Une page et le thème est posé, qu’annonce le drôle de titre: Matlosa, comme l’épicière Clorinda sait qu’on le dit, et pas ce «marlosa» proféré par cette pie d’Eufemia, et l’auteur de préciser: «Il faut dire que dans ce coin, on employait le terme pour désigner toute personne dont on ne pouvait pas retracer la généalogie, et entrait dans la catégorie quiconque venait de plus loin que cinquante kilomètres à la ronde».
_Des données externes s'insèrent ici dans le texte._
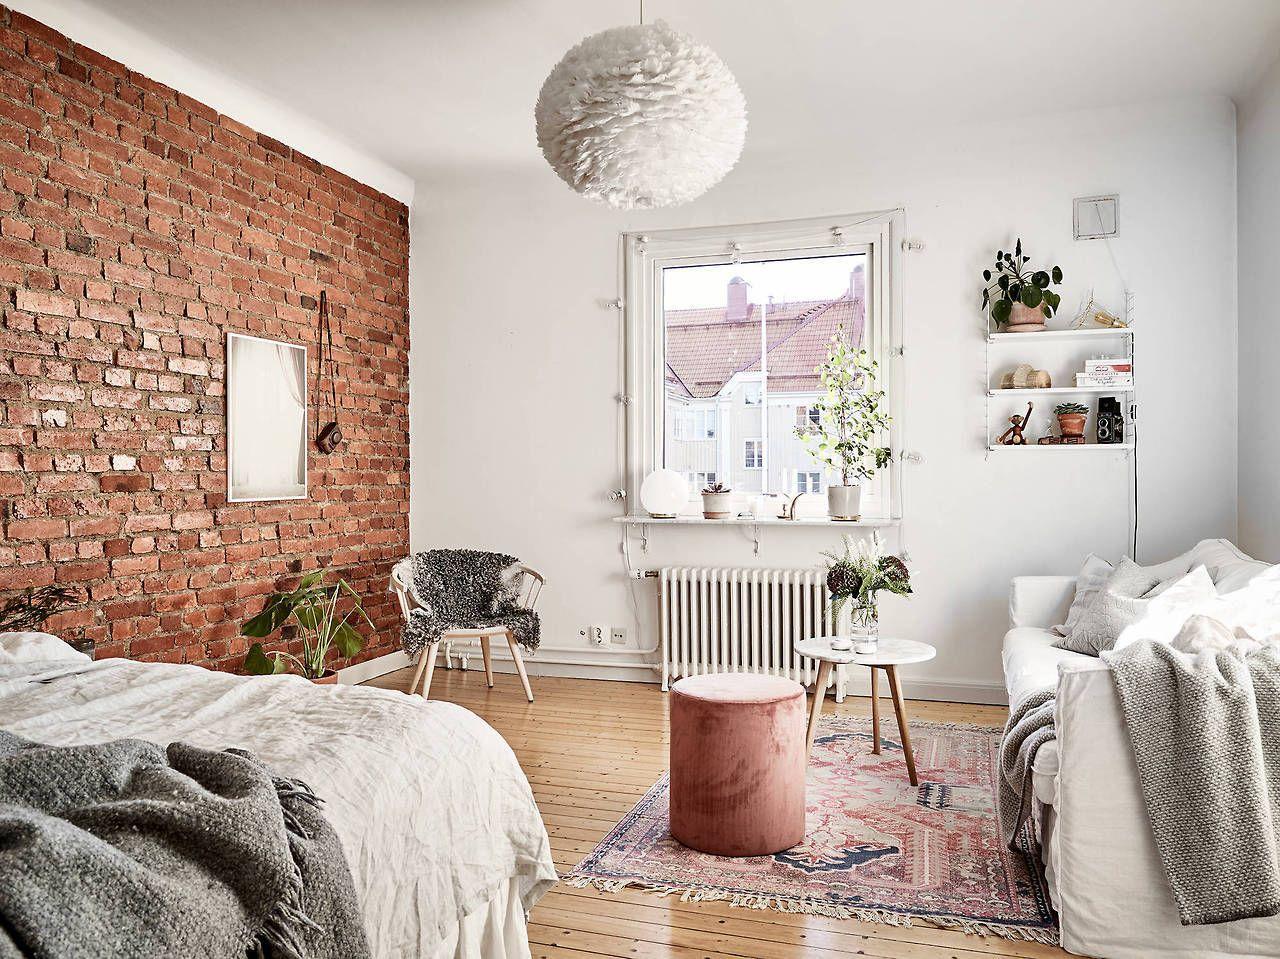 Studio Apartment With Exposed Brick Wall I Love Studios

Sera «matlosa», par conséquent, aux yeux des Tessinois de souche (ici à Verscio, sur les hauts de Locarno) ce Cecchino venu au monde à Mura, dans la province de Brescia, le jour de la saint Valentin de 1883, dixième enfant de Pietro et Maddalena, et voué de naissance à l’apprentissage du métier de charbonnier (à Mura les habitants, qu’on appelle les striu, les sorciers, parlent plus précisément de carbonatt), et «matlosa» sera sa femme Rosa pour d’autres raisons, comme le sera leur fille Irma quand celle-ci émigrera à son tour en Suisse – et comment ne pas considérer que Daniel Maggetti est lui-même «matlosa» tout en amorçant à tâtons la généalogie de son grand-père maternel Cecchino, du clan des «Bologne», de sa grand-mère Rosa de père inconnu (donc matlosa de naissance) et de sa mère Irma jamais tout à fait guérie de l’arrachement à la terre lombarde de son heureuse enfance… 
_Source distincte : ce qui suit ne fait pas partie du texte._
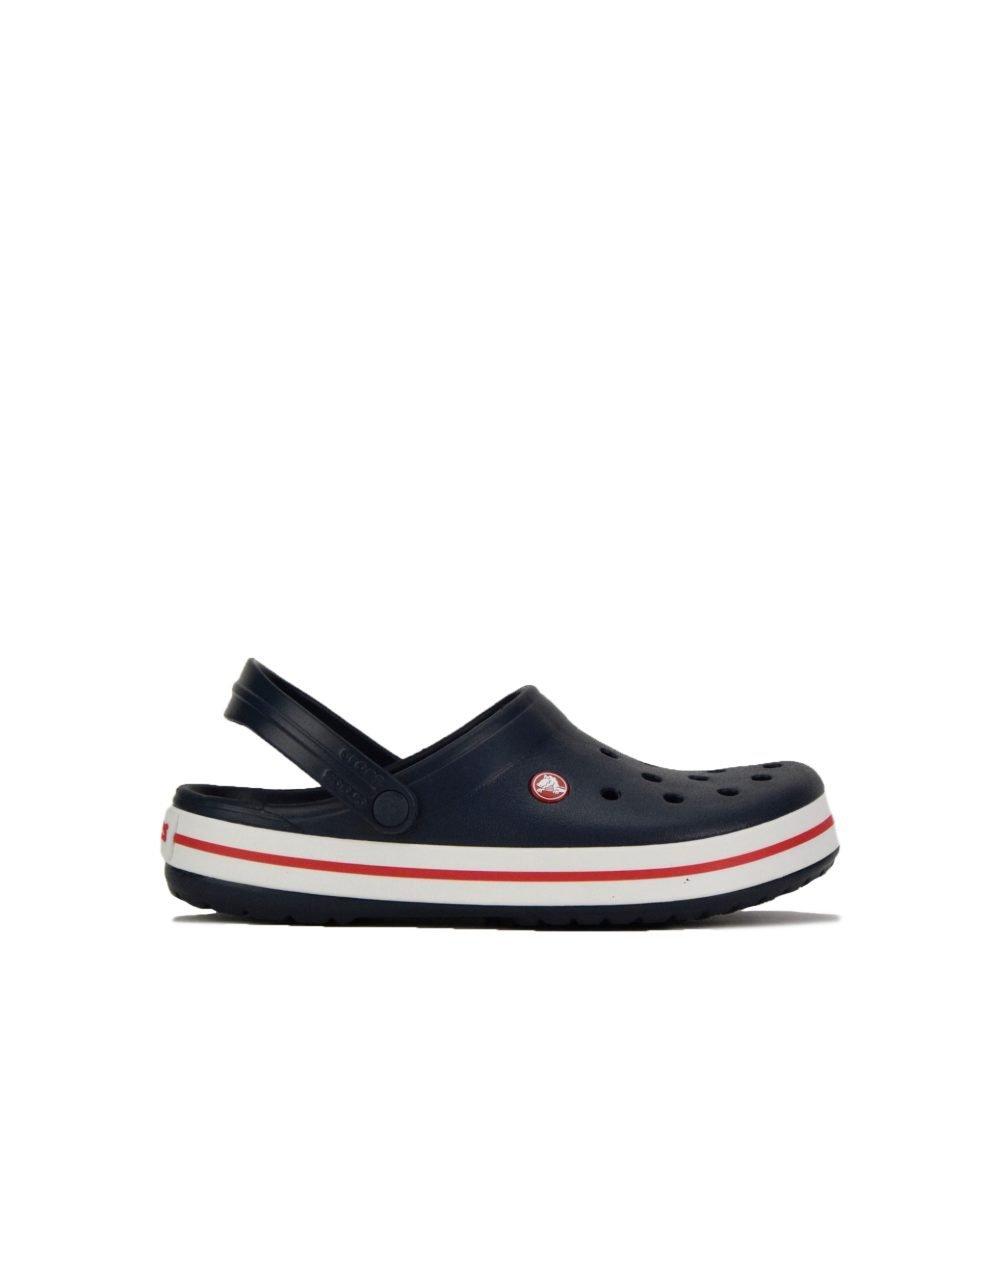 Crocs Crocband (11016-410) Navy

L’identité au bout de la langue

Les helvétistes distingués imbus de la spécificité essentielle de la suissitude, auront sans doute frémi d’indignation en lisant naguère tel article du professeur Maggetti parlant de «bricolage identitaire» à propos de leur idéologie, mais c’est en écrivain que l’auteur de Matlosa nous en dit beaucoup plus aujourd’hui dans son enquête romanesque littéralement truffée d’italien de cuisine montagnarde et autres formules d’antique sagesse populaire.

Le premier raout documentaire de son récit, consacré à l’apprentissage du petit charbonnier (le gnaro du clan) évoque ainsi, à fleur de langue, les conditions de vie des charbonniers confinés à l’écart dans leur baita (cabane) forestière à proximité de laquelle après l’abattage des arbres, ils construiront la fameuse meule, dite pouiat, dont on voit d’ailleurs le cône sur la photo de couverture du livre; et l’on apprend dans la foulée que les «artisans du feu», selon la règle de cinq, devront traiter trente quintaux de bois pour obtenir six quintaux de charbon. Or nous verrons aussi, plus tard comment le petit Cecchino devenu grand devient «matlosa» rejeté par ses pairs…

L’identité n’est pas qu’un sujet de débats pour littérateurs subventionnés: c’est de la chair en quête de verbe et du langage incarné. De la sociologie dramatique aussi, avec la découverte des enfants abandonnés et souvent morts faute de soins (des pages aussi documentées qu’émouvantes relatives aux «boîtes à bébés» et autres orphelinats), et de la politique dès l’apparition d’un certain Mussolini très prisé dans les hautes vallées – mais Cecchino n’est pas plus sûr de sa cause que Maggetti ne l’est de la franche opposition de son aïeul.

Et là aussi est l’intérêt de ce récit plein de suppositions qu’enrichira plus tard le témoignage de la mère: dans les constantes hésitations et réserves du narrateur soucieux de vérité. 

Si l’identité se bricole, cela passe par le choix de ce qu’un Simenon (ou un Ramuz à sa façon) appelait les mots-matière, et cela implique autant de rigueur «scientifique» chez le mémorialiste fouineur d’archives (le dottor Maggetti s’y emploie parfois sous la surveillance sourcilleuse des curés…) que de talent dans ses pennelate (ses coups de pinceaux d’après nature) et la poésie de ses évocations, notamment dans les pages que Daniel Maggetti consacre à sa dernière visite au pays cher à sa mère – patrie-matrie de fratries en bisbilles…

«Le poète est celui qui unit», écrivait Pierre Jean Jouve, et telle est enfin la qualité majeure, et la beauté de Matlosa, contre divisions et exclusions – les pages sidérantes ou l’on voit même les Tessinois ostraciser leurs cousins italiens classés «matlosa» – dans le doux murmure débonnaire du «cantiamo sottovoce» cher à l’aïeul artisan du feu…


«Matlosa», Daniel Maggetti, Editions Zoé, 136 pages.